─── Dataset excerpt ───

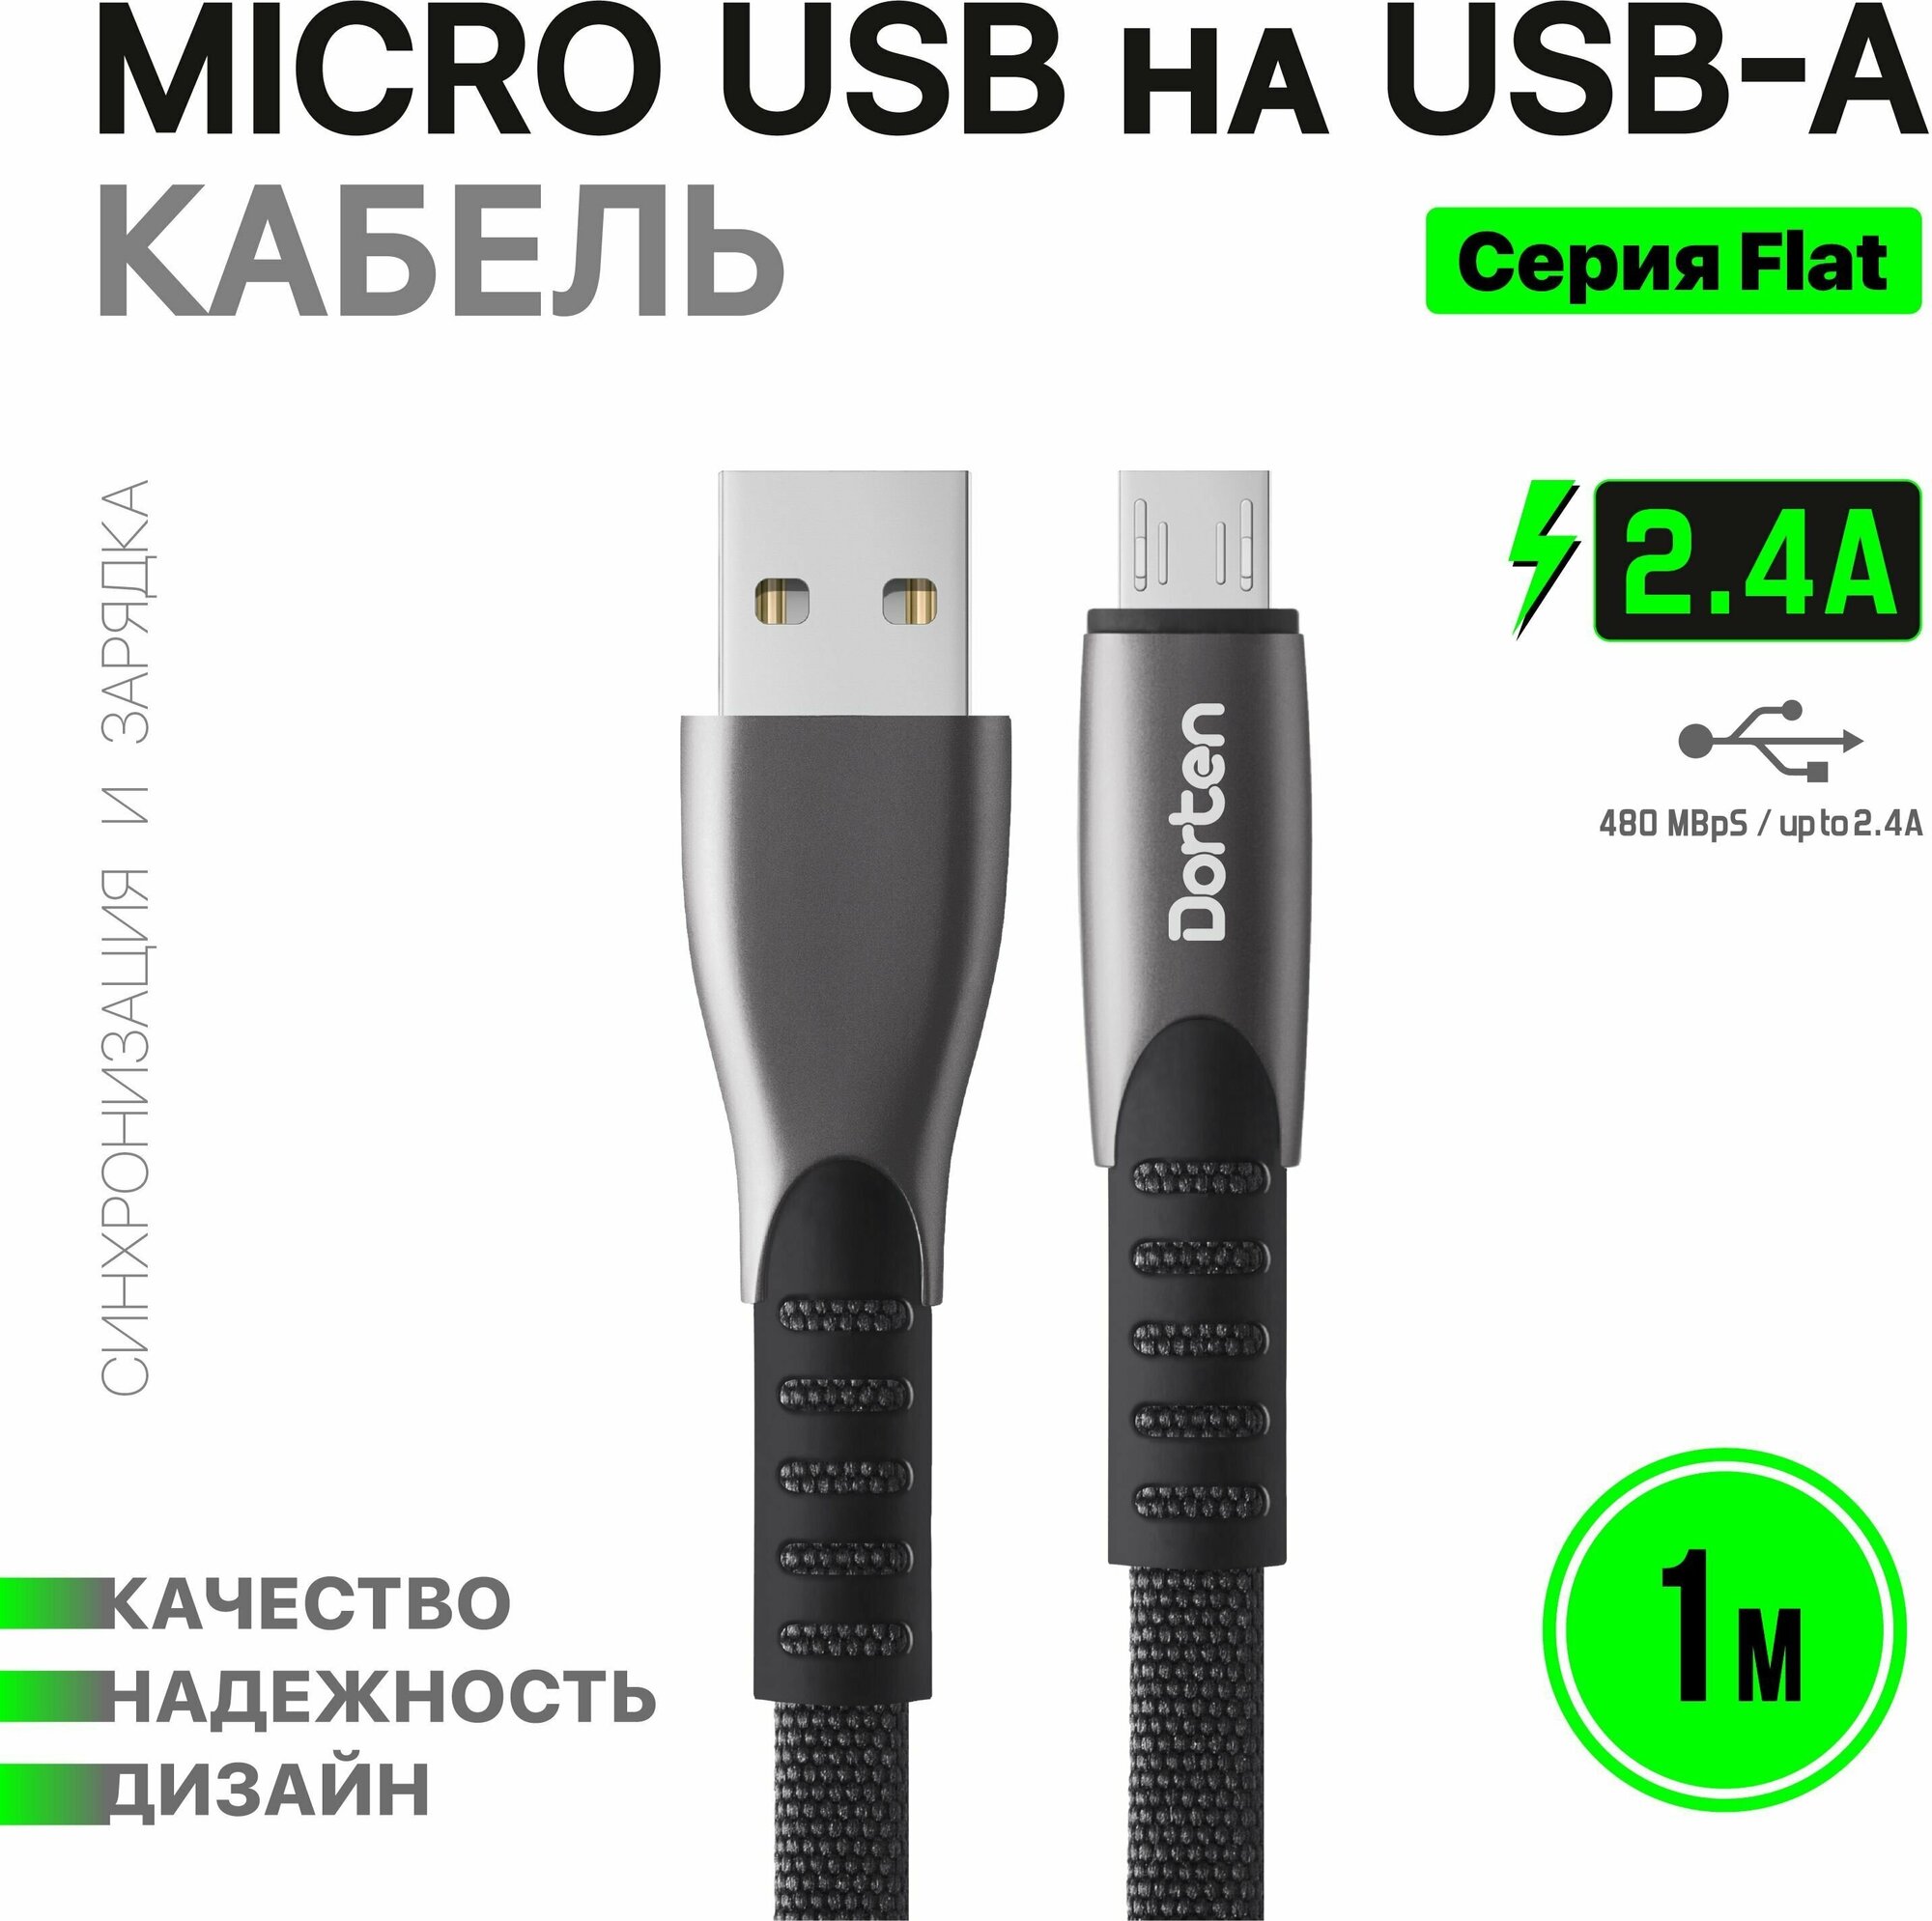 Кабель Dorten Micro USB для зарядки телефона 1 метр: Flat series провод юсб 1м - Черный
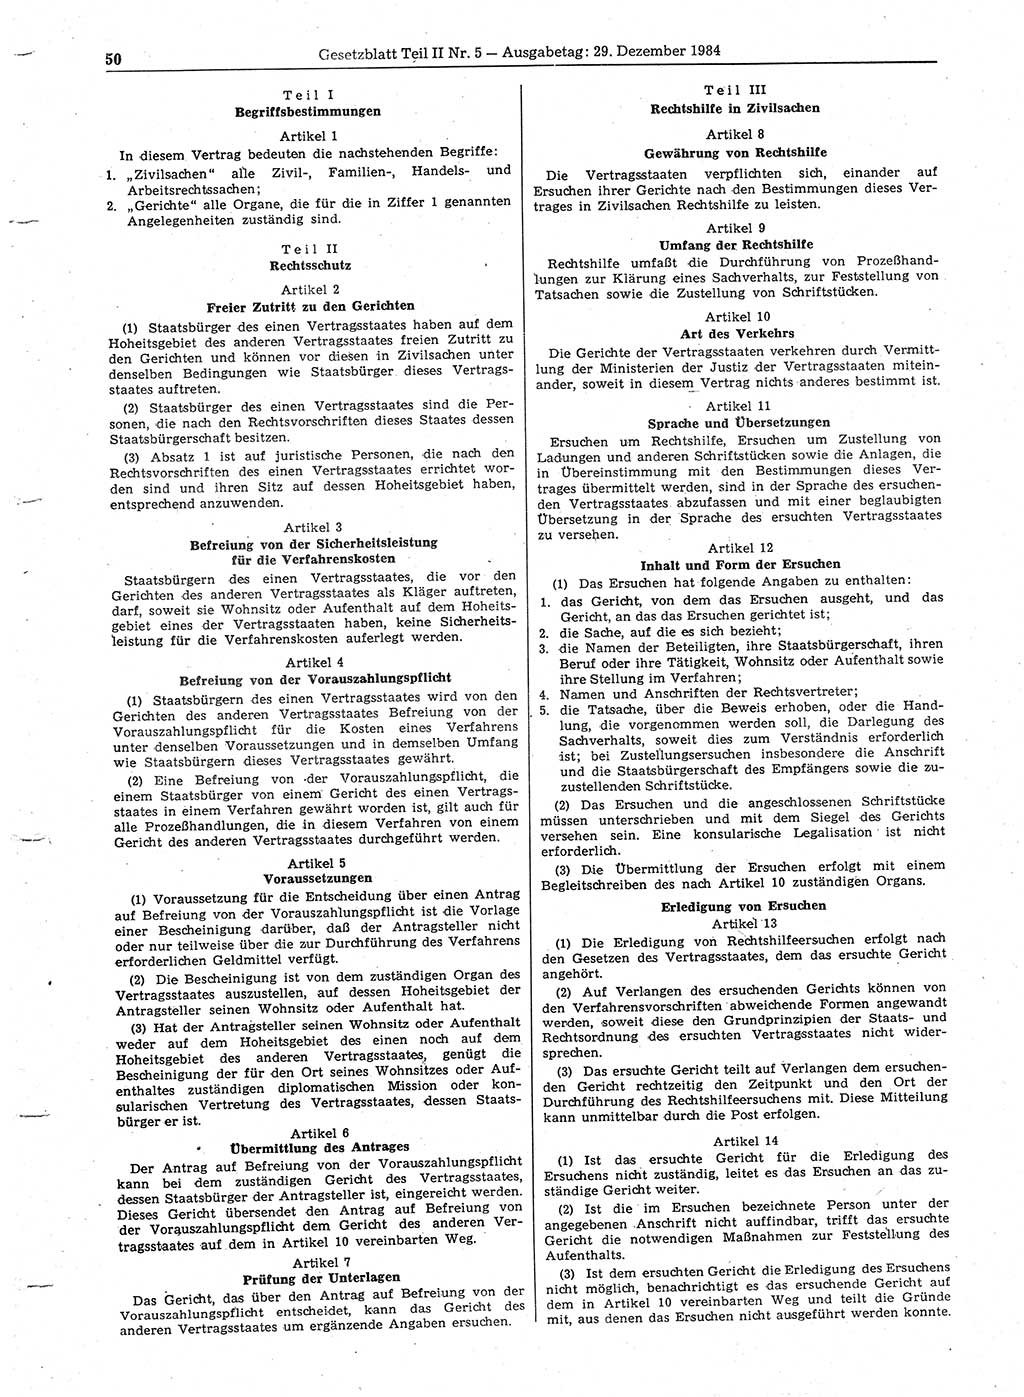 Gesetzblatt (GBl.) der Deutschen Demokratischen Republik (DDR) Teil ⅠⅠ 1984, Seite 50 (GBl. DDR ⅠⅠ 1984, S. 50)
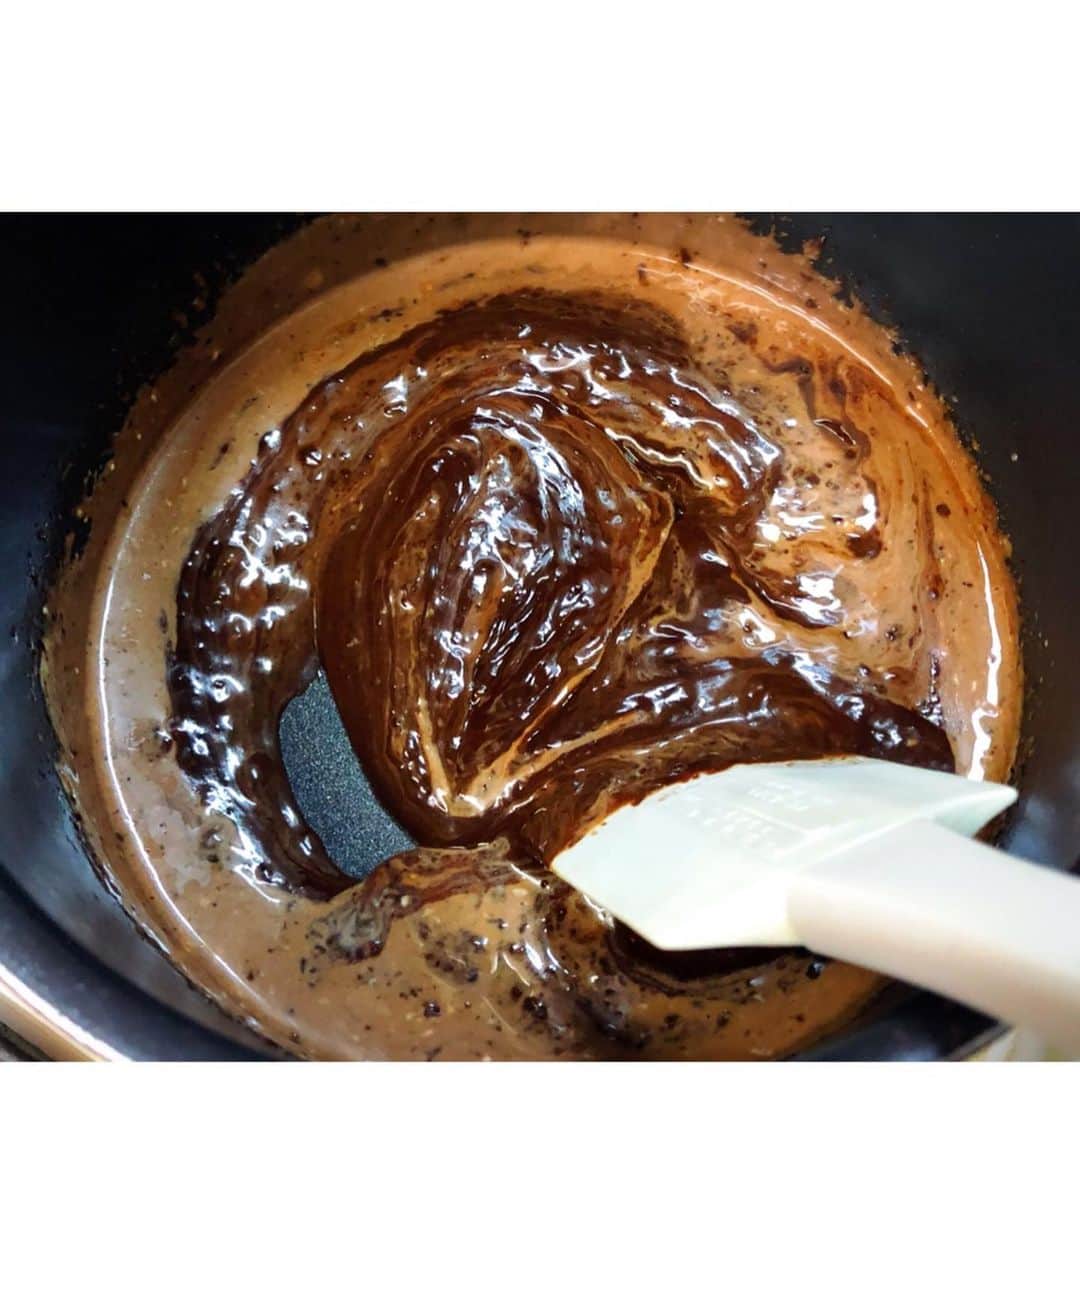 Mizuki【料理ブロガー・簡単レシピ】さんのインスタグラム写真 - (Mizuki【料理ブロガー・簡単レシピ】Instagram)「・﻿ 【レシピ】ーーーーーーー﻿ ♡混ぜて焼くだけ♡﻿ チョコレートチーズケーキ﻿ ーーーーーーーーーーーー﻿ ﻿ おはようございます(*^^*)﻿ 今日ご紹介させていただくのは﻿ チョコレートチーズケーキ♡﻿ 酸味を抑えたチーズ生地と﻿ チョコレートは相性がよく﻿ 濃厚でクリーミーな美味しさですよ♡﻿ 今回は薄力粉を加えず﻿ よりなめらかな食感に仕上げました♩﻿ ﻿ 作り方は超簡単(*´艸`)﻿ 混ぜて焼くだけ！！！﻿ 身近な材料で作れて﻿ 難しい工程もありません♡﻿ ﻿ 普段のおやつにはもちろん﻿ クリスマスにもおすすめなので﻿ よかったらお試し下さいね(*^^*)﻿ ﻿ ﻿ ーーーーーーーーーーーー﻿ 【15cm底取れ型】﻿ 板チョコ...2枚(100g)﻿ 生クリーム...100ml﻿ クリームチーズ...200g﻿ 砂糖...大2﻿ 卵...2個﻿ (好みで)ラム酒...小1/2﻿ ココアビスケット...60g﻿ バター...20g﻿ (仕上げ用)ココアパウダー...適量﻿ ﻿ (準備)﻿ クリームチーズは室温に戻して柔らかくする(レンジで40秒程加熱しても♩)。型にクッキングシートを敷いておく。チョコは細かく刻んでおく。オーブンを170度に予熱する。﻿ 1.(ボトムを作る)﻿ ココアビスケットを細かく砕き、レンジで溶かしたバターを加えて混ぜ、型の底に敷き詰めておく。﻿ 2.(生地を作る)﻿ 小鍋に生クリームを入れて火にかけ、沸騰直前で火を止める。すぐにチョコを加えて混ぜて溶かす。﻿ 3.ボウルにクリームチーズを入れ、泡立て器でなめらかに混ぜる。砂糖、卵、ラム酒、2の順に加え、その都度よく混ぜる。﻿ 4.(焼く)﻿ 型に注ぎ、予熱したオーブンで40分焼く。焼けたらアミに乗せて冷まし、冷蔵庫で一晩冷やす。仕上げにココアを振る。﻿ ーーーーーーーーーーーー﻿ ﻿ ﻿ 《ポイント》﻿ ♦︎ブラックチョコレートを使用するのがおすすめです♩﻿ ♦︎ボトムはなくてもOK☆又ココアビスケットの代わりにプレーンタイプのビスケットで作っても♩﻿ ﻿ ﻿ ﻿ ﻿ 【お知らせ】﻿ ストーリーズでは一日数回﻿ 別レシピをご紹介しております(*^^*)﻿ ＊コメントは最新の投稿に下さいますよう﻿ お願い致しますm(_ _)m﻿ ﻿ ﻿ ﻿ 🎀新刊【#ほめられごはん 】🎀﻿ 🔹おかげさまで重版しました！🔹﻿ ﻿ ﻿ ﻿ ﻿ #ブログ更新しました﻿ ブログはホームのリンクよりご覧下さい↓﻿ @mizuki_31cafe﻿ 【Mizuki公式ラインブログ】﻿ https://lineblog.me/mizuki_official/﻿ ﻿ ﻿ ﻿ #チーズケーキ#チョコレートケーキ#チョコレートチーズケーキ#簡単#スイーツ#クリスマス#クリスマスケーキ﻿ #Mizuki#簡単レシピ#時短レシピ#節約レシピ#料理#レシピ#フーディーテーブル#おうちごはん#おうちカフェ#デリスタグラマー#料理好きな人と繋がりたい#料理ブロガー#おうちごはんlover#チョコレートチーズケーキm #foodpic#follow#cooking#recipe#lin_stagrammer」12月17日 7時19分 - mizuki_31cafe

───

Copy out each line of the data exactly as it reads; skip the pictures.

Your solution.
 Кабель Dorten Micro USB для зарядки телефона 1 метр: Flat series провод юсб 1м - Черный
 Gesetzblatt (GBl.) der Deutschen Demokratischen Republik (DDR) Teil ⅠⅠ 1984, Seite 50 (GBl. DDR ⅠⅠ 1984, S. 50)
 Mizuki【料理ブロガー・簡単レシピ】さんのインスタグラム写真 - (Mizuki【料理ブロガー・簡単レシピ】Instagram)「・﻿ 【レシピ】ーーーーーーー﻿ ♡混ぜて焼くだけ♡﻿ チョコレートチーズケーキ﻿ ーーーーーーーーーーーー﻿ ﻿ おはようございます(*^^*)﻿ 今日ご紹介させていただくのは﻿ チョコレートチーズケーキ♡﻿ 酸味を抑えたチーズ生地と﻿ チョコレートは相性がよく﻿ 濃厚でクリーミーな美味しさですよ♡﻿ 今回は薄力粉を加えず﻿ よりなめらかな食感に仕上げました♩﻿ ﻿ 作り方は超簡単(*´艸`)﻿ 混ぜて焼くだけ！！！﻿ 身近な材料で作れて﻿ 難しい工程もありません♡﻿ ﻿ 普段のおやつにはもちろん﻿ クリスマスにもおすすめなので﻿ よかったらお試し下さいね(*^^*)﻿ ﻿ ﻿ ーーーーーーーーーーーー﻿ 【15cm底取れ型】﻿ 板チョコ...2枚(100g)﻿ 生クリーム...100ml﻿ クリームチーズ...200g﻿ 砂糖...大2﻿ 卵...2個﻿ (好みで)ラム酒...小1/2﻿ ココアビスケット...60g﻿ バター...20g﻿ (仕上げ用)ココアパウダー...適量﻿ ﻿ (準備)﻿ クリームチーズは室温に戻して柔らかくする(レンジで40秒程加熱しても♩)。型にクッキングシートを敷いておく。チョコは細かく刻んでおく。オーブンを170度に予熱する。﻿ 1.(ボトムを作る)﻿ ココアビスケットを細かく砕き、レンジで溶かしたバターを加えて混ぜ、型の底に敷き詰めておく。﻿ 2.(生地を作る)﻿ 小鍋に生クリームを入れて火にかけ、沸騰直前で火を止める。すぐにチョコを加えて混ぜて溶かす。﻿ 3.ボウルにクリームチーズを入れ、泡立て器でなめらかに混ぜる。砂糖、卵、ラム酒、2の順に加え、その都度よく混ぜる。﻿ 4.(焼く)﻿ 型に注ぎ、予熱したオーブンで40分焼く。焼けたらアミに乗せて冷まし、冷蔵庫で一晩冷やす。仕上げにココアを振る。﻿ ーーーーーーーーーーーー﻿ ﻿ ﻿ 《ポイント》﻿ ♦︎ブラックチョコレートを使用するのがおすすめです♩﻿ ♦︎ボトムはなくてもOK☆又ココアビスケットの代わりにプレーンタイプのビスケットで作っても♩﻿ ﻿ ﻿ ﻿ ﻿ 【お知らせ】﻿ ストーリーズでは一日数回﻿ 別レシピをご紹介しております(*^^*)﻿ ＊コメントは最新の投稿に下さいますよう﻿ お願い致しますm(_ _)m﻿ ﻿ ﻿ ﻿ 🎀新刊【#ほめられごはん 】🎀﻿ 🔹おかげさまで重版しました！🔹﻿ ﻿ ﻿ ﻿ ﻿ #ブログ更新しました﻿ ブログはホームのリンクよりご覧下さい↓﻿ @mizuki_31cafe﻿ 【Mizuki公式ラインブログ】﻿ https://lineblog.me/mizuki_official/﻿ ﻿ ﻿ ﻿ #チーズケーキ#チョコレートケーキ#チョコレートチーズケーキ#簡単#スイーツ#クリスマス#クリスマスケーキ﻿ #Mizuki#簡単レシピ#時短レシピ#節約レシピ#料理#レシピ#フーディーテーブル#おうちごはん#おうちカフェ#デリスタグラマー#料理好きな人と繋がりたい#料理ブロガー#おうちごはんlover#チョコレートチーズケーキm #foodpic#follow#cooking#recipe#lin_stagrammer」12月17日 7時19分 - mizuki_31cafe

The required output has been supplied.